Tuesday Tribute: Carey Smoot

Tuesday Tribute: Carey Smoot – lover of life, cheese, islands

Part of a Carey selfie

Part of a Carey selfie

“Did I ever tell ya about this guy I met with the Cuban restaurant?”

“Did you know that the cheese at XX restaurant came from XX weird country?”

“I’m so busy – I have so much to tell you!”

Not long after I met Carey, she began to bombard me with every little interesting thing going on in Albuquerque’s restaurant scene. It was dizzying and awesome. Who was fired, who just opened a new place (and if it sucked or not), which place was doomed…. it’s just her nature to be gregarious while cultivating a wide network of friends. Carey has had her hands in the local food scene for many years – everything from her own gourmet shop to cheese distribution to burger joint mastermind to French pastry seller to chocolatier‘s administrator.
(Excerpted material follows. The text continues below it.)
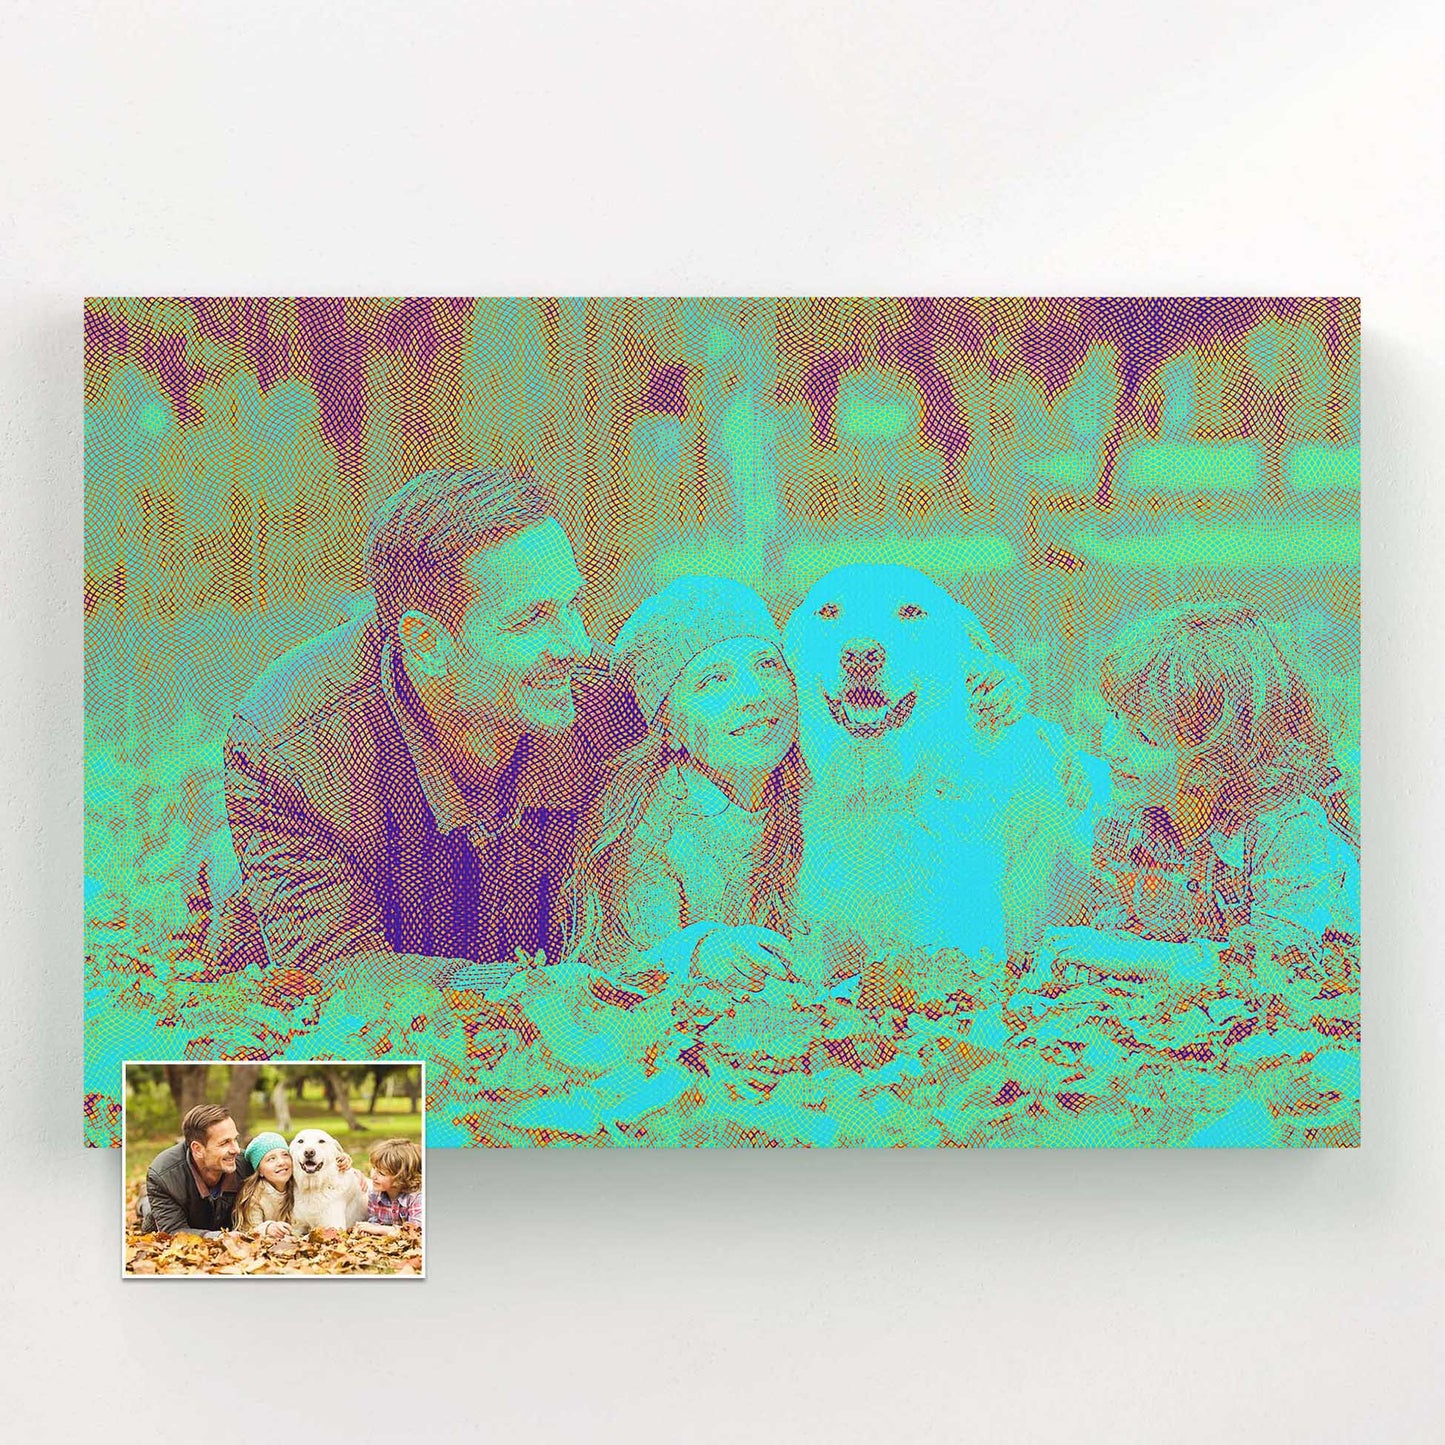 Celebrate your special moments with our Blue Engraved Canvas, a personalized masterpiece that brings joy and inspiration to any space. This painting from photo captures the essence of your memories in a fun and cool way

Carey is one of those women who is instantly on your radar, usually in a fabulous way. She’s blunt, energetic, and enthusiatic. She’ll tell you about her drama-filled family shenanigans, point out that you have something in your teeth, and then reach into her purse for the gift she couldn’t help but get for you, all while asking if you’ve had the sweetbreads at some new place in the North Valley.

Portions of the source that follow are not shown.